PROBLEM -> Restate the data below word for word. Skip any images it contains.

INFORMATION SUPPLIED ->
[Start of section]

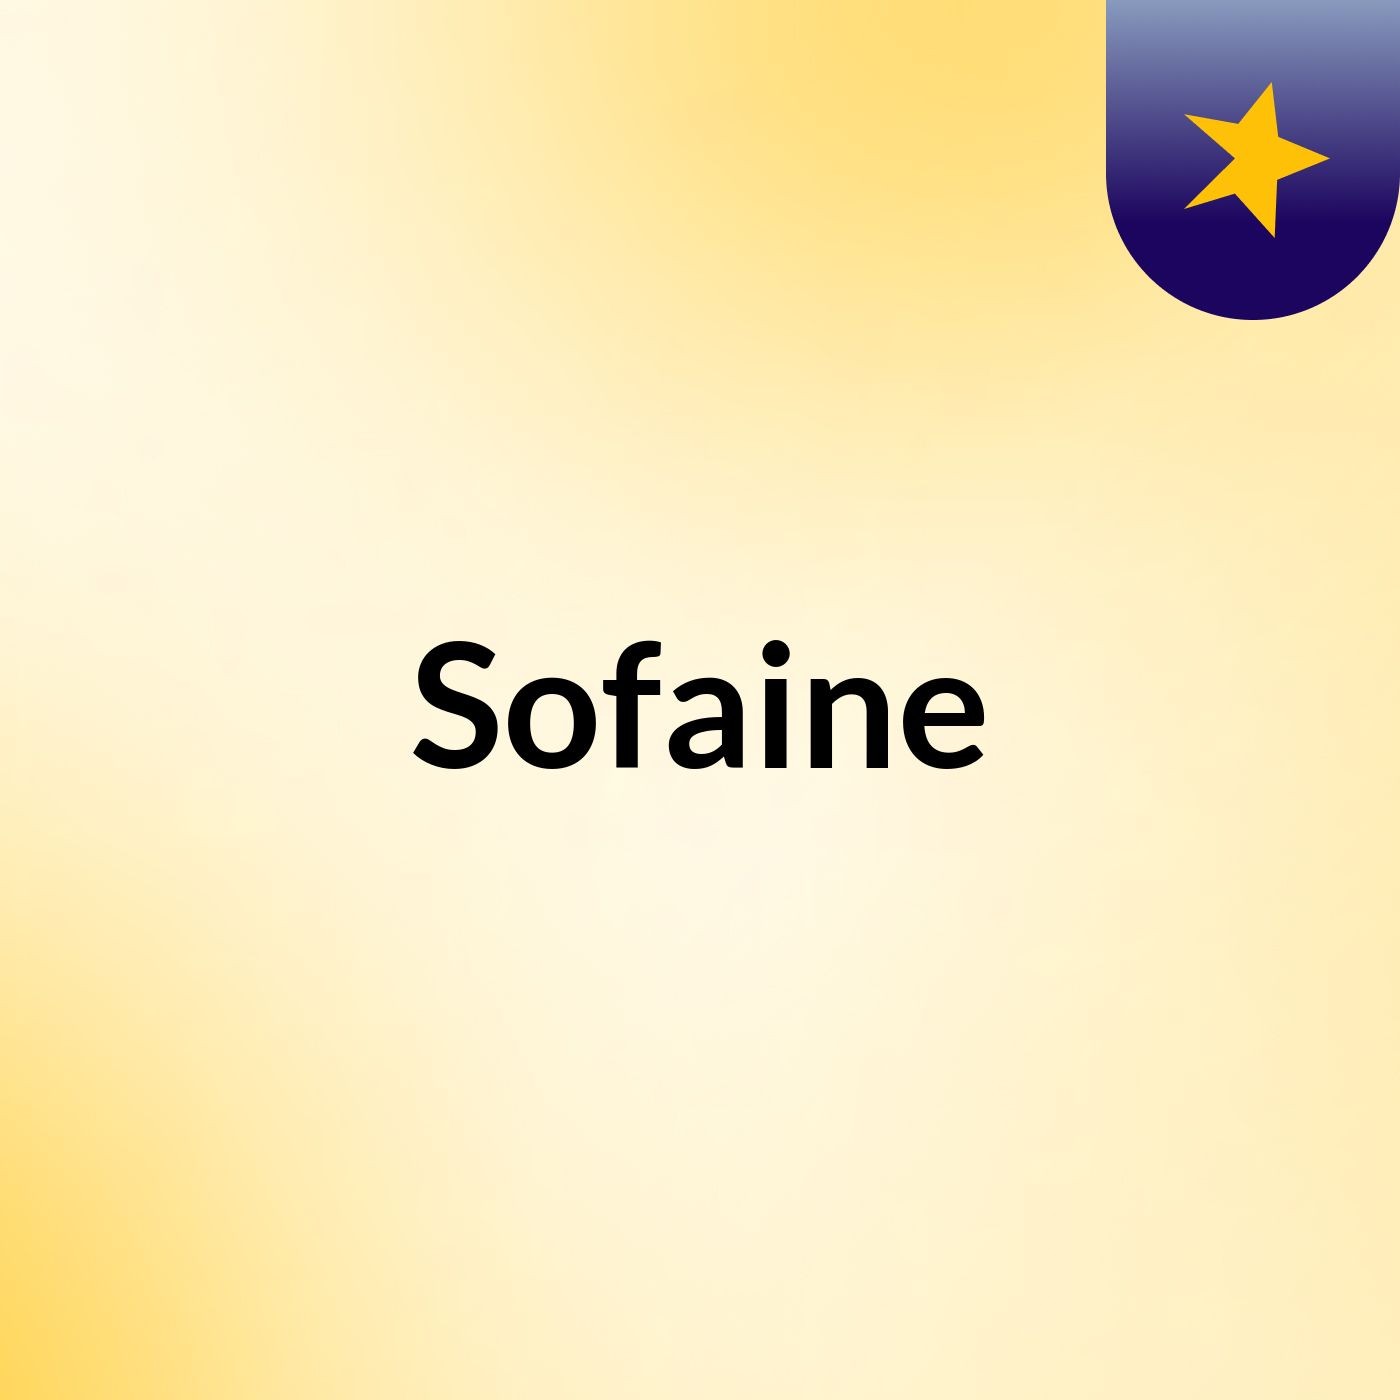 Sofaine
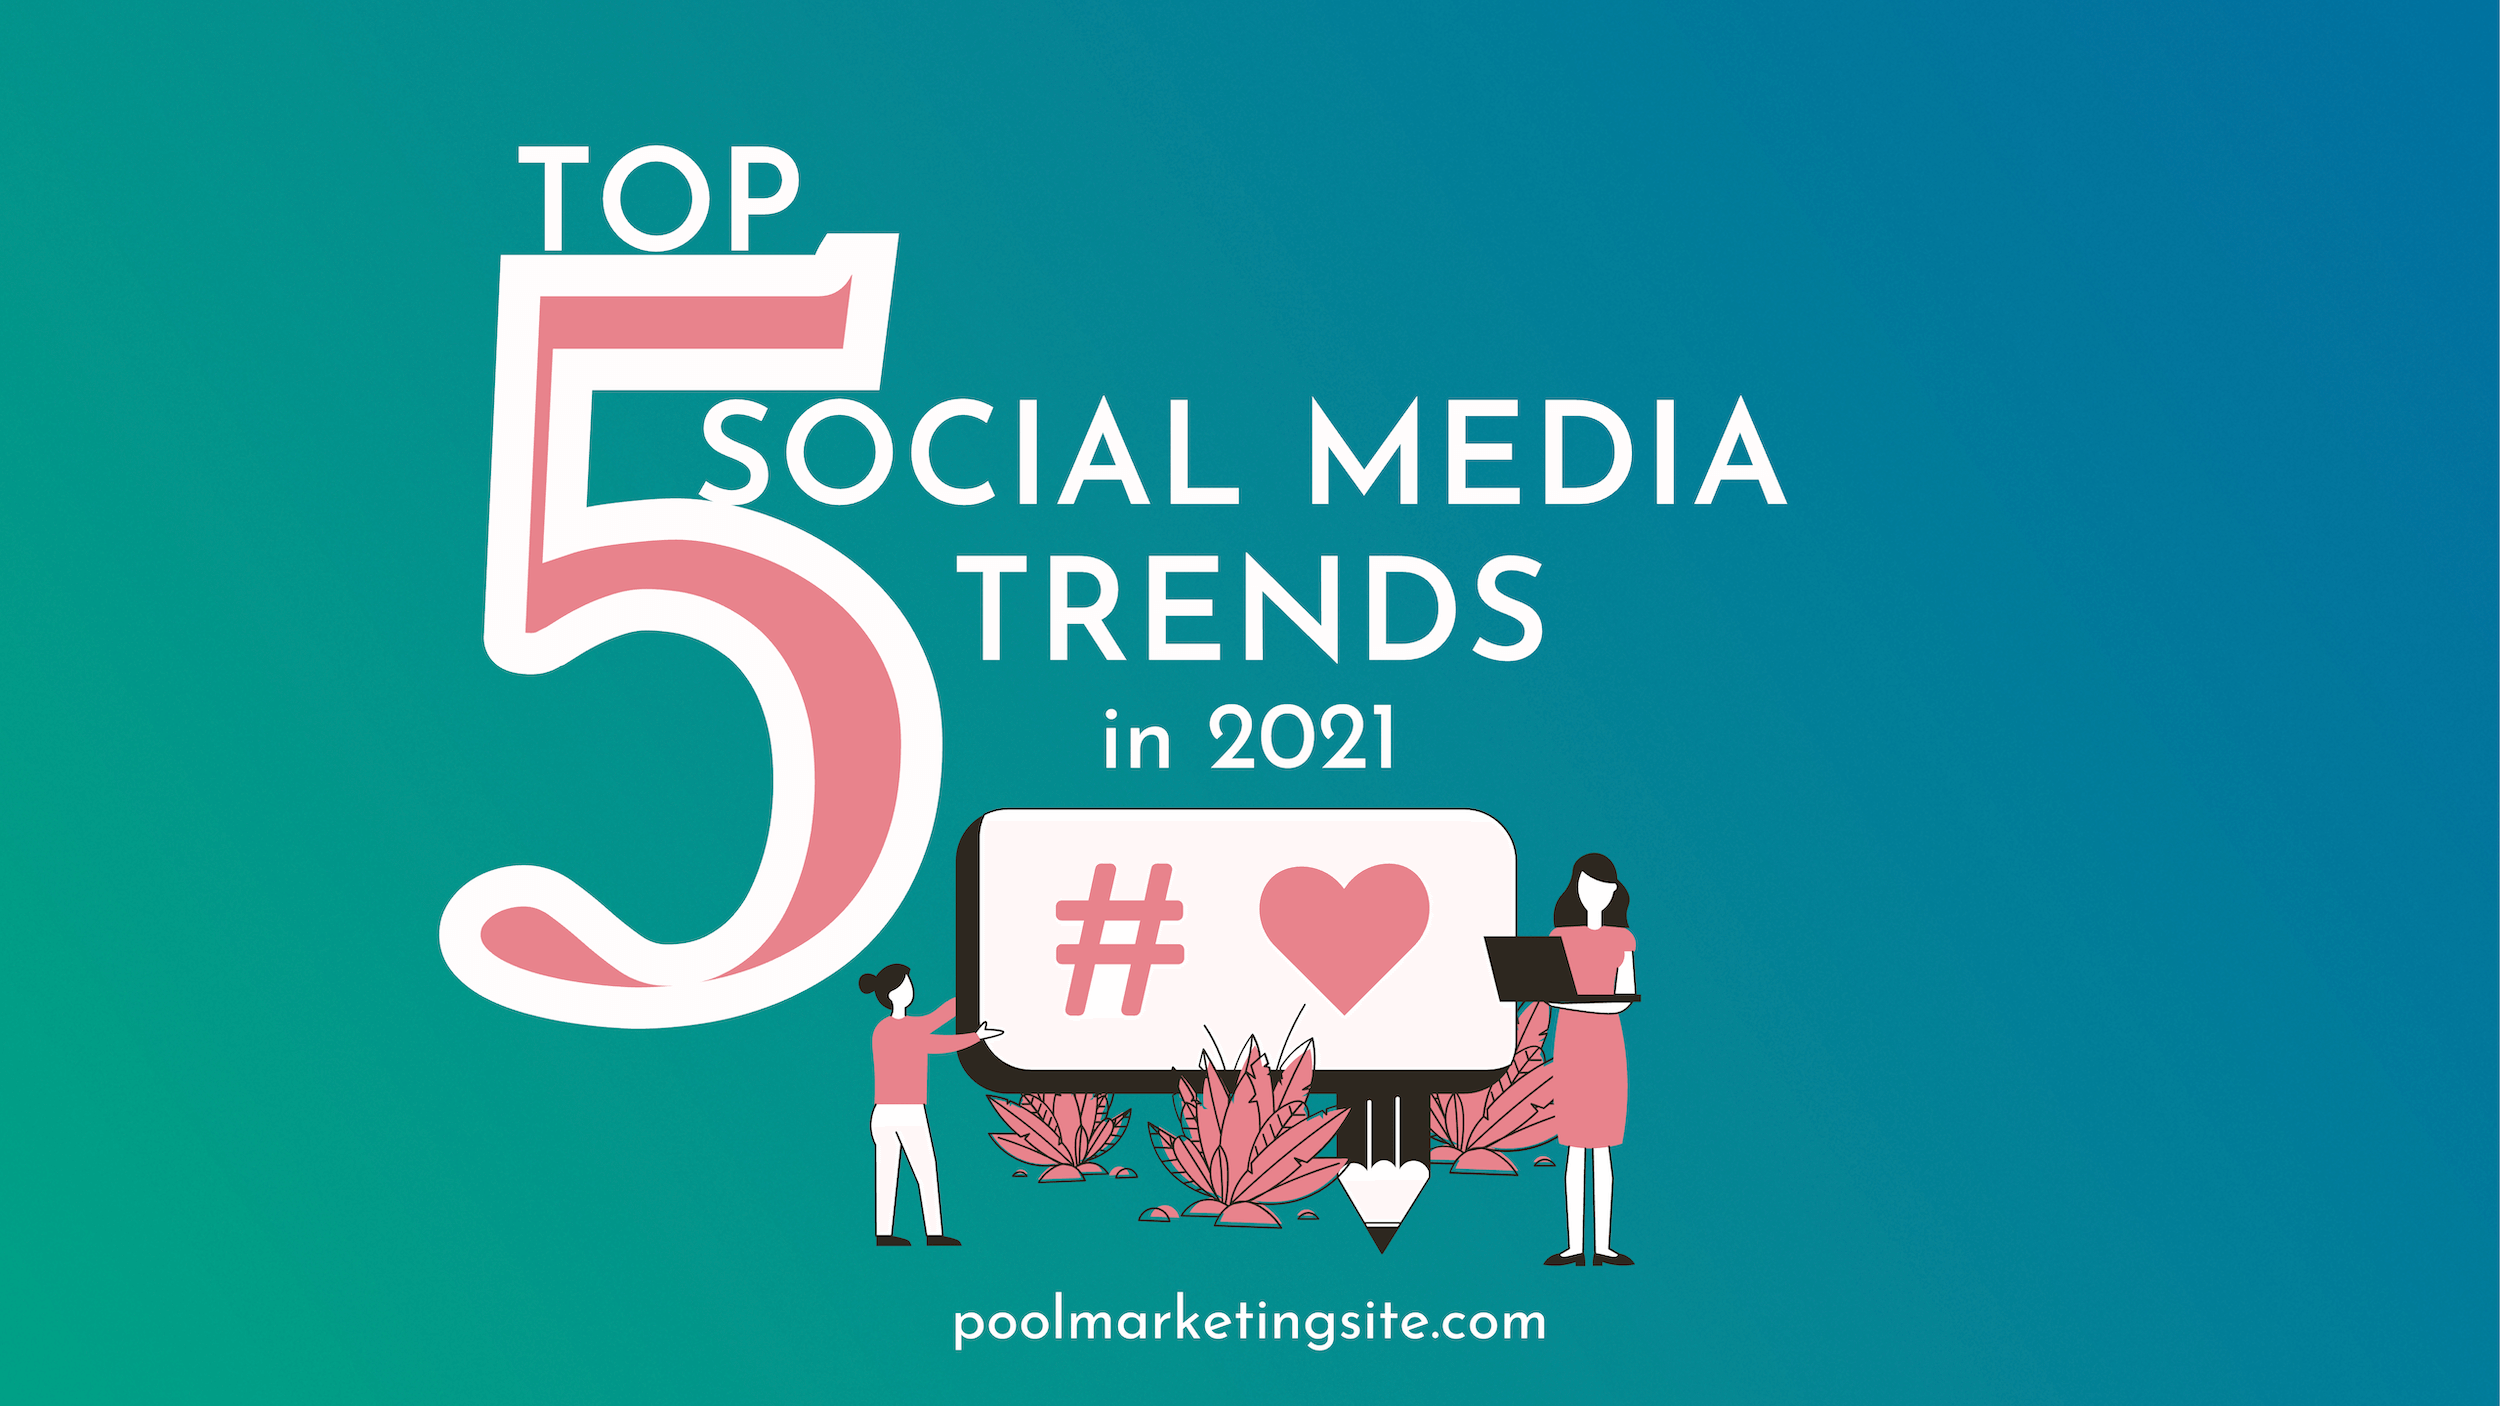 Top 5 Social Media Marketing Trends in 2021
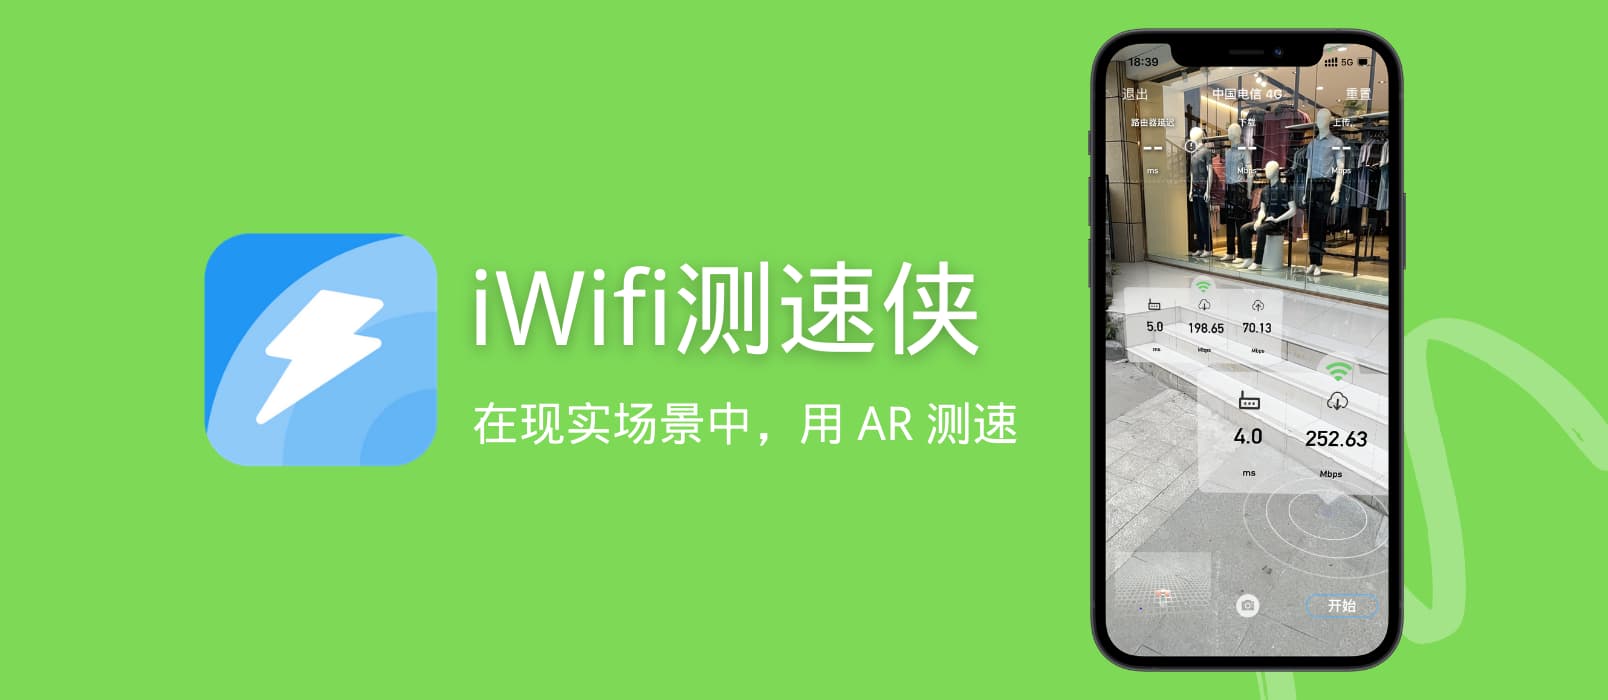 iWifi 测速侠 - 在现实场景中，用 AR 测速[macOS/iOS 限免]

[End of section]

ANSWER TO THE EXERCISE ->
 Sofaine
 Top 5 Social Media Marketing Trends in 2021
 iWifi 测速侠 - 在现实场景中，用 AR 测速[macOS/iOS 限免]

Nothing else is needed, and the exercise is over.